# Problem requirements
Write out the listing exactly, dropping any picture it contains.

:: Data supplied ::

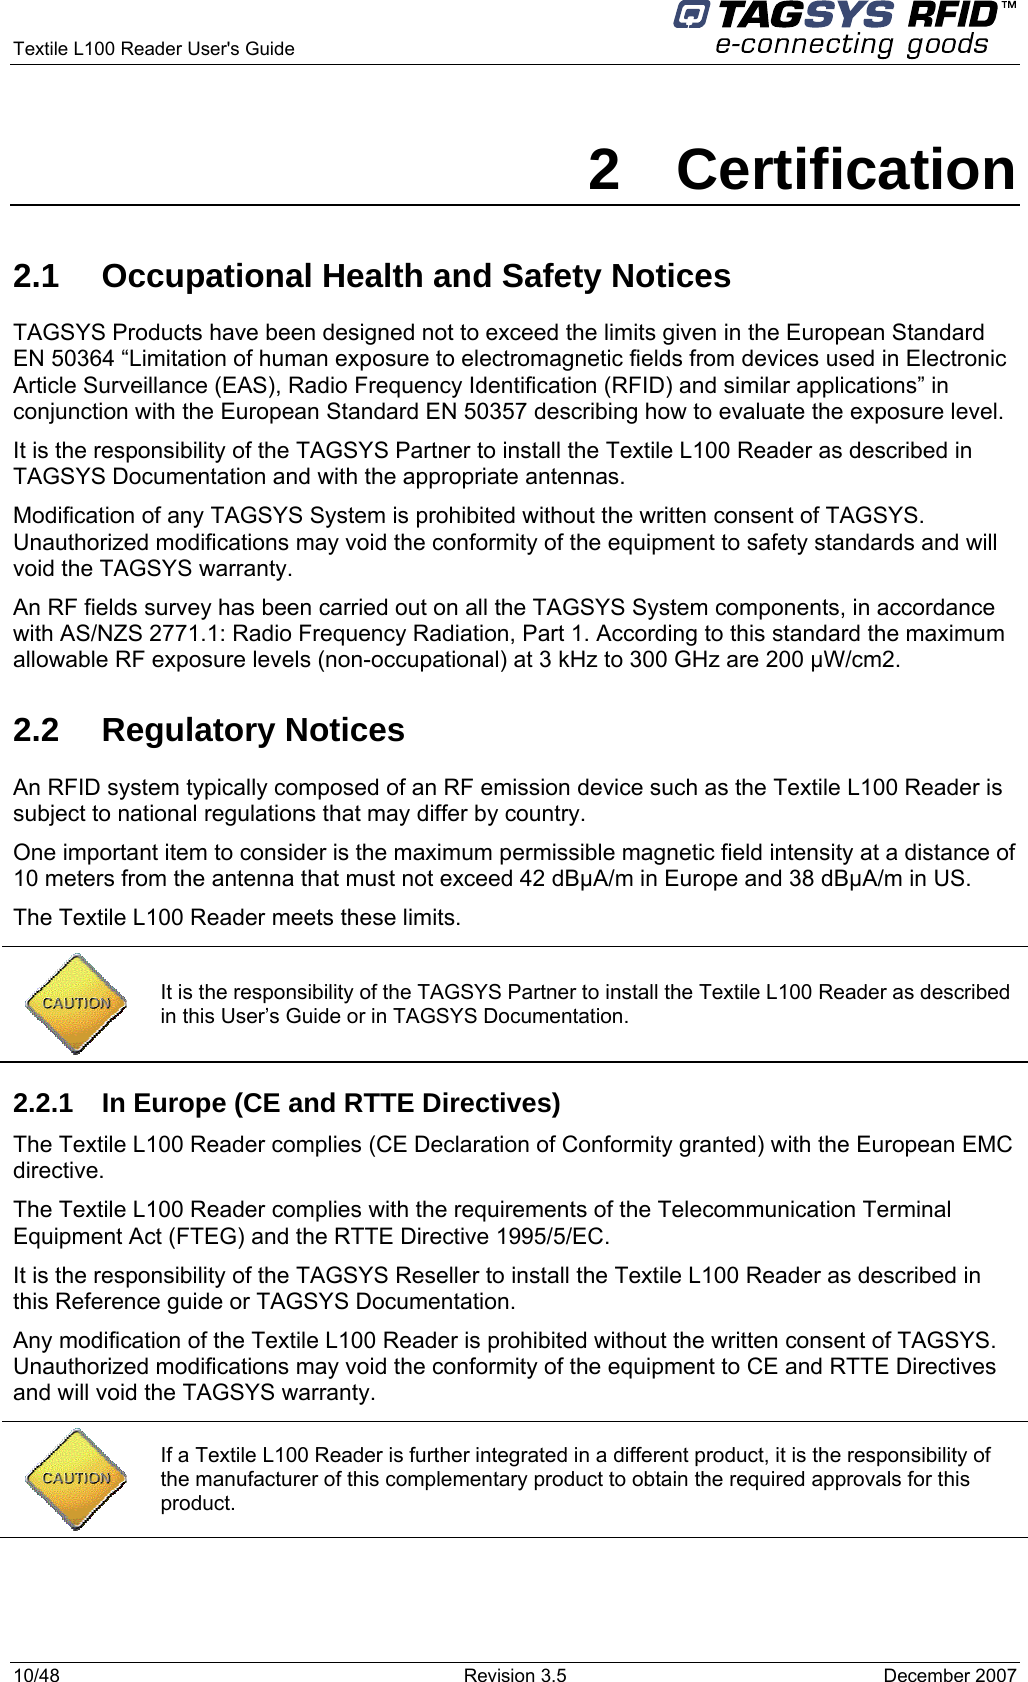  Textile L100 Reader User&apos;s Guide     10/48  Revision 3.5  December 2007 2 Certification 2.1  Occupational Health and Safety Notices TAGSYS Products have been designed not to exceed the limits given in the European Standard EN 50364 “Limitation of human exposure to electromagnetic fields from devices used in Electronic Article Surveillance (EAS), Radio Frequency Identification (RFID) and similar applications” in conjunction with the European Standard EN 50357 describing how to evaluate the exposure level. It is the responsibility of the TAGSYS Partner to install the Textile L100 Reader as described in TAGSYS Documentation and with the appropriate antennas.  Modification of any TAGSYS System is prohibited without the written consent of TAGSYS. Unauthorized modifications may void the conformity of the equipment to safety standards and will void the TAGSYS warranty. An RF fields survey has been carried out on all the TAGSYS System components, in accordance with AS/NZS 2771.1: Radio Frequency Radiation, Part 1. According to this standard the maximum allowable RF exposure levels (non-occupational) at 3 kHz to 300 GHz are 200 µW/cm2.  2.2 Regulatory Notices An RFID system typically composed of an RF emission device such as the Textile L100 Reader is subject to national regulations that may differ by country. One important item to consider is the maximum permissible magnetic field intensity at a distance of 10 meters from the antenna that must not exceed 42 dBµA/m in Europe and 38 dBµA/m in US. The Textile L100 Reader meets these limits.  2.2.1  In Europe (CE and RTTE Directives)  The Textile L100 Reader complies (CE Declaration of Conformity granted) with the European EMC directive. The Textile L100 Reader complies with the requirements of the Telecommunication Terminal Equipment Act (FTEG) and the RTTE Directive 1995/5/EC. It is the responsibility of the TAGSYS Reseller to install the Textile L100 Reader as described in this Reference guide or TAGSYS Documentation. Any modification of the Textile L100 Reader is prohibited without the written consent of TAGSYS. Unauthorized modifications may void the conformity of the equipment to CE and RTTE Directives and will void the TAGSYS warranty.   It is the responsibility of the TAGSYS Partner to install the Textile L100 Reader as described in this User’s Guide or in TAGSYS Documentation.  If a Textile L100 Reader is further integrated in a different product, it is the responsibility of the manufacturer of this complementary product to obtain the required approvals for this product. 
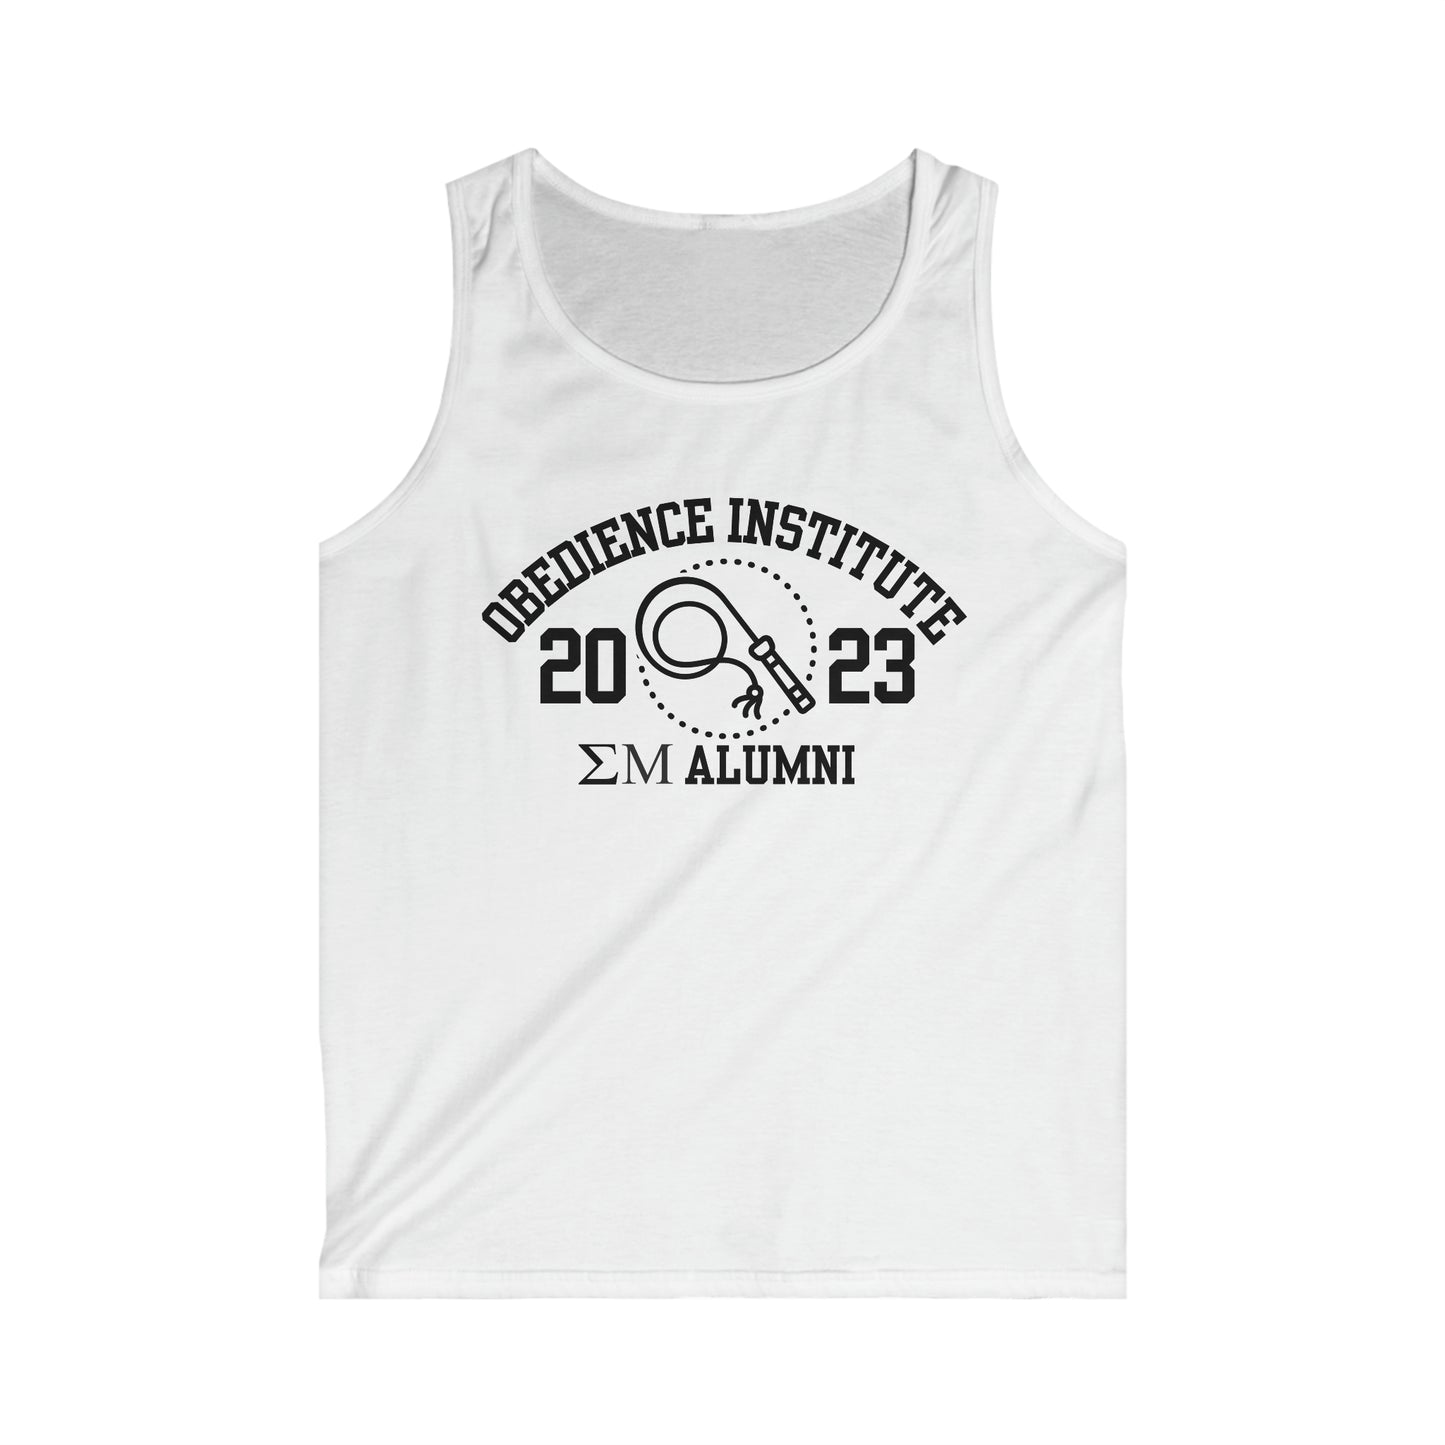 Obedience Institute BDSM Men's Softstyle Tank Top
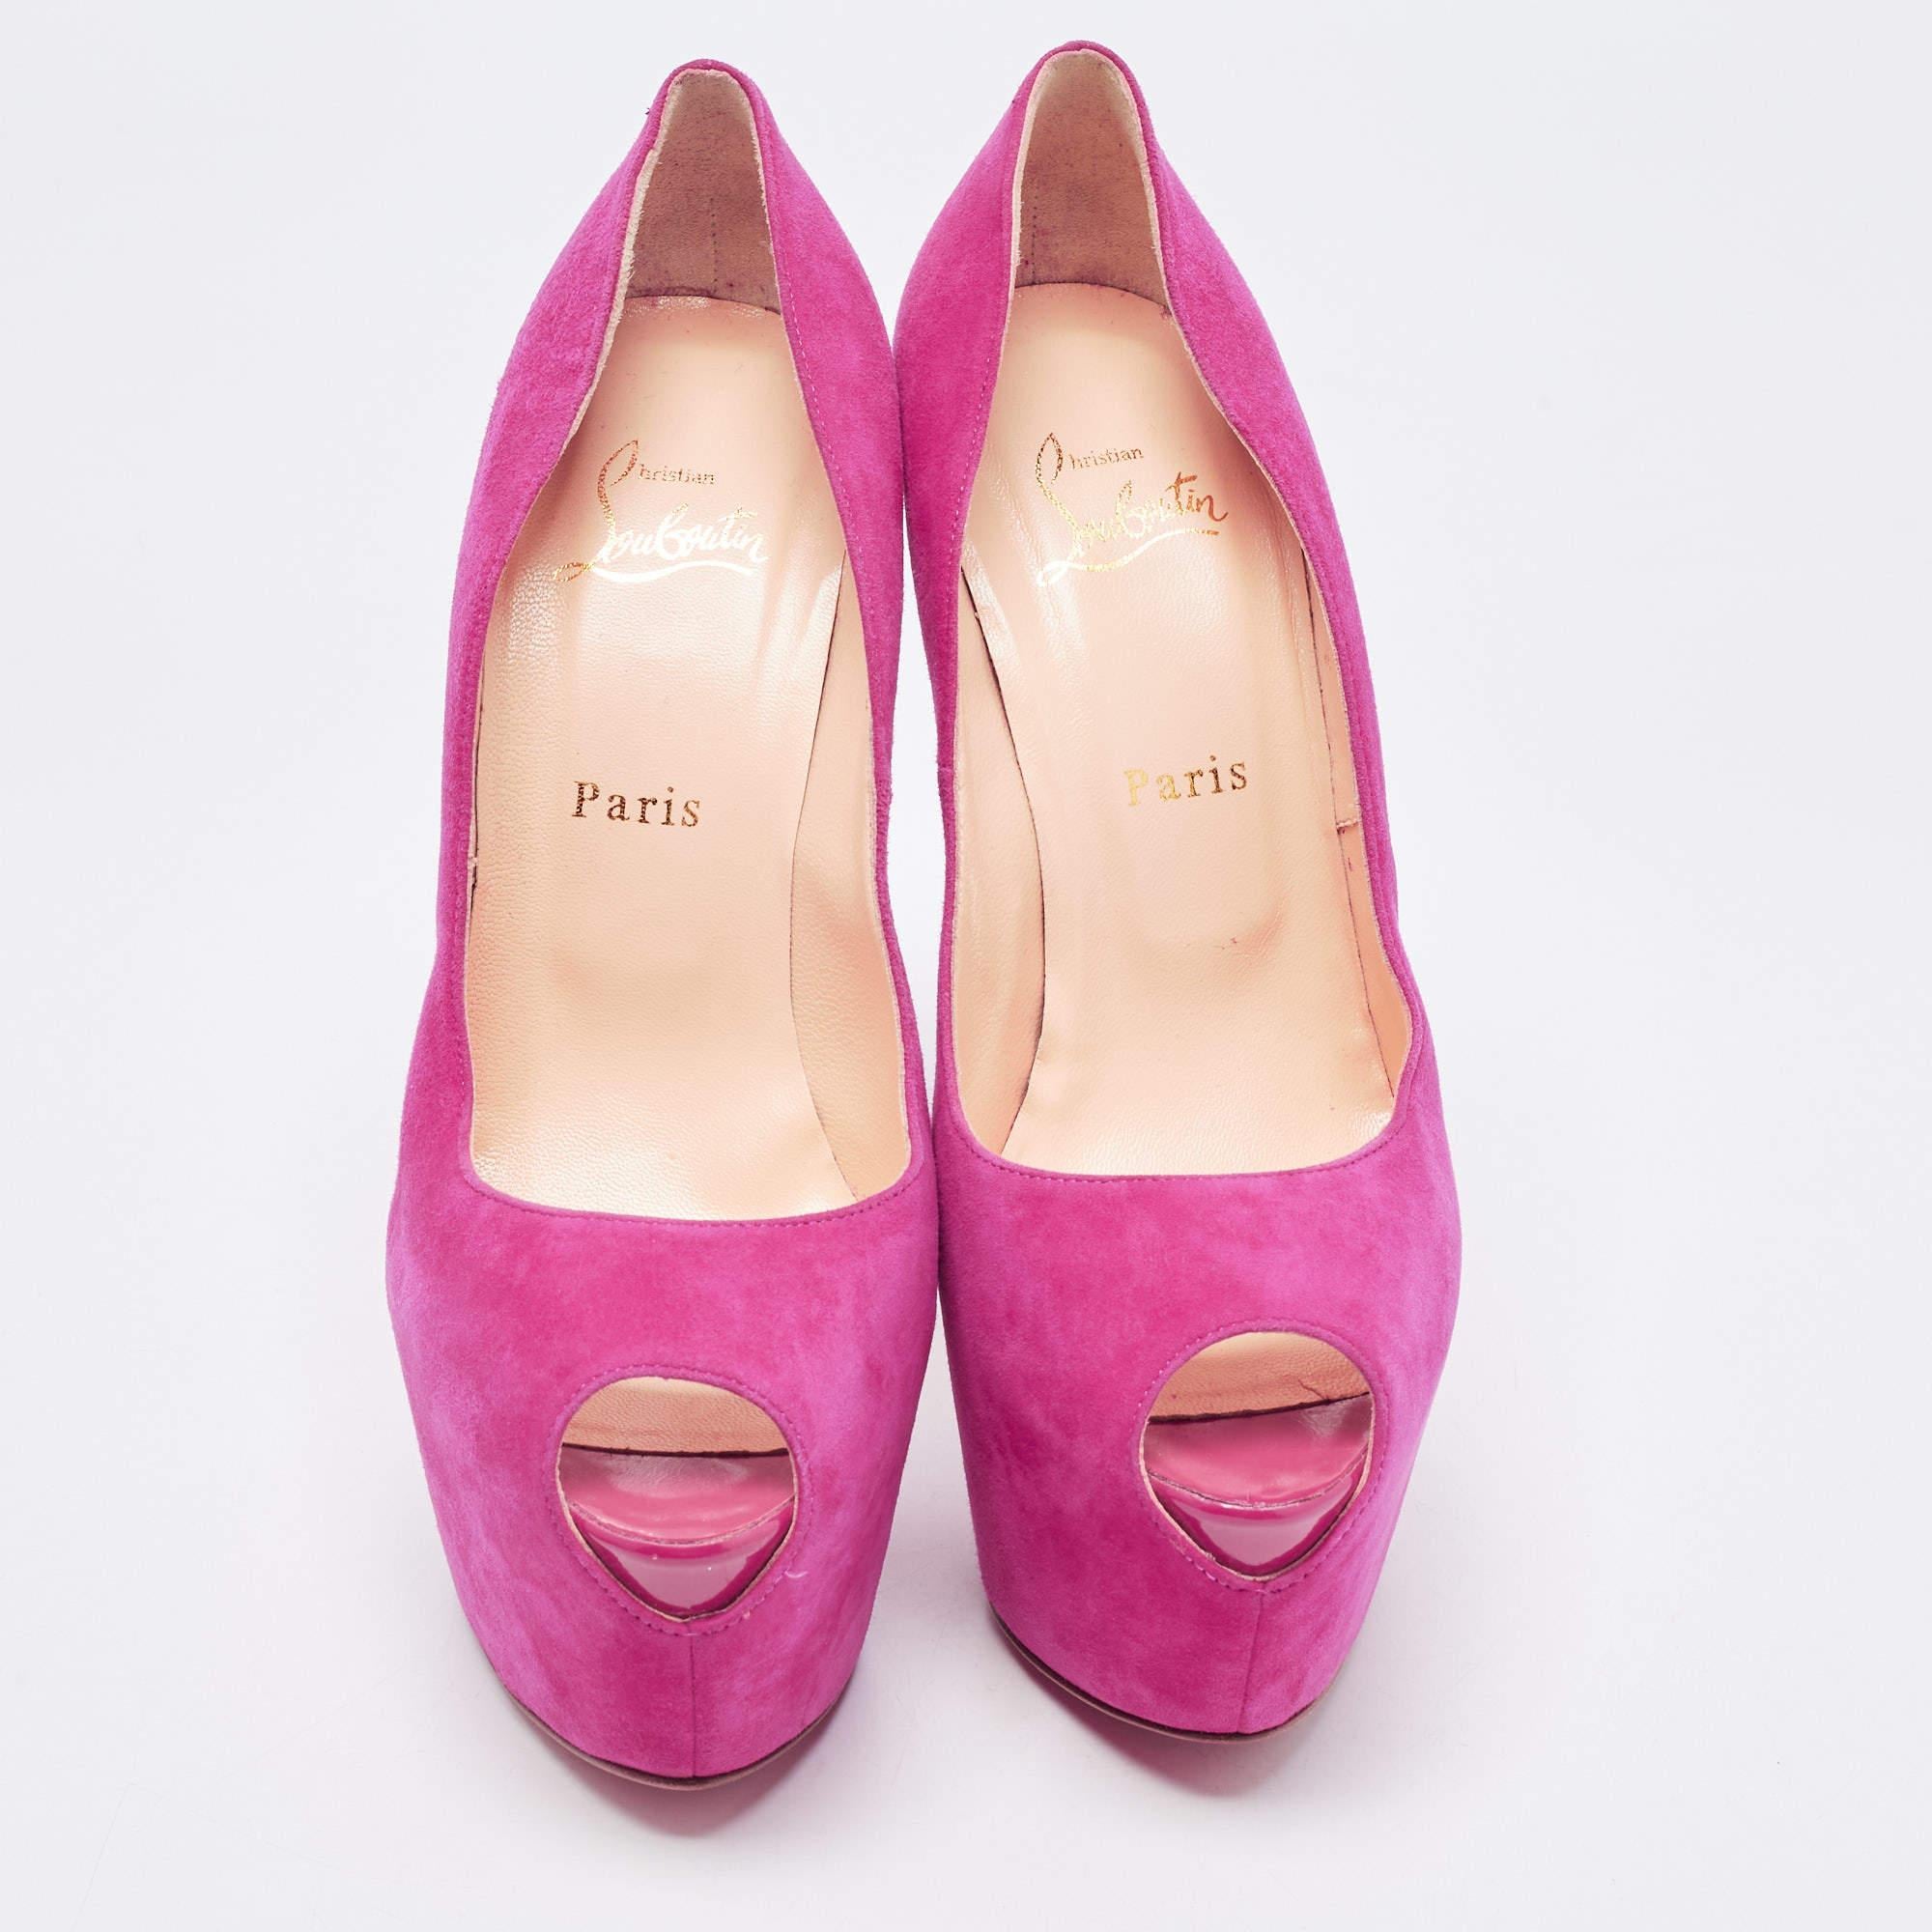 Exuding femininity and elegance, these pumps feature a chic silhouette with an attractive design. You can wear these pumps for a stylish look.

Includes
Original Dustbag

:::

# Response to the exercise
  Textile L100 Reader User&apos;s Guide     10/48  Revision 3.5  December 2007 2 Certification 2.1  Occupational Health and Safety Notices TAGSYS Products have been designed not to exceed the limits given in the European Standard EN 50364 “Limitation of human exposure to electromagnetic fields from devices used in Electronic Article Surveillance (EAS), Radio Frequency Identification (RFID) and similar applications” in conjunction with the European Standard EN 50357 describing how to evaluate the exposure level. It is the responsibility of the TAGSYS Partner to install the Textile L100 Reader as described in TAGSYS Documentation and with the appropriate antennas.  Modification of any TAGSYS System is prohibited without the written consent of TAGSYS. Unauthorized modifications may void the conformity of the equipment to safety standards and will void the TAGSYS warranty. An RF fields survey has been carried out on all the TAGSYS System components, in accordance with AS/NZS 2771.1: Radio Frequency Radiation, Part 1. According to this standard the maximum allowable RF exposure levels (non-occupational) at 3 kHz to 300 GHz are 200 µW/cm2.  2.2 Regulatory Notices An RFID system typically composed of an RF emission device such as the Textile L100 Reader is subject to national regulations that may differ by country. One important item to consider is the maximum permissible magnetic field intensity at a distance of 10 meters from the antenna that must not exceed 42 dBµA/m in Europe and 38 dBµA/m in US. The Textile L100 Reader meets these limits.  2.2.1  In Europe (CE and RTTE Directives)  The Textile L100 Reader complies (CE Declaration of Conformity granted) with the European EMC directive. The Textile L100 Reader complies with the requirements of the Telecommunication Terminal Equipment Act (FTEG) and the RTTE Directive 1995/5/EC. It is the responsibility of the TAGSYS Reseller to install the Textile L100 Reader as described in this Reference guide or TAGSYS Documentation. Any modification of the Textile L100 Reader is prohibited without the written consent of TAGSYS. Unauthorized modifications may void the conformity of the equipment to CE and RTTE Directives and will void the TAGSYS warranty.   It is the responsibility of the TAGSYS Partner to install the Textile L100 Reader as described in this User’s Guide or in TAGSYS Documentation.  If a Textile L100 Reader is further integrated in a different product, it is the responsibility of the manufacturer of this complementary product to obtain the required approvals for this product. 
 Obedience Institute BDSM Men's Softstyle Tank Top
 Exuding femininity and elegance, these pumps feature a chic silhouette with an attractive design. You can wear these pumps for a stylish look.

Includes
Original Dustbag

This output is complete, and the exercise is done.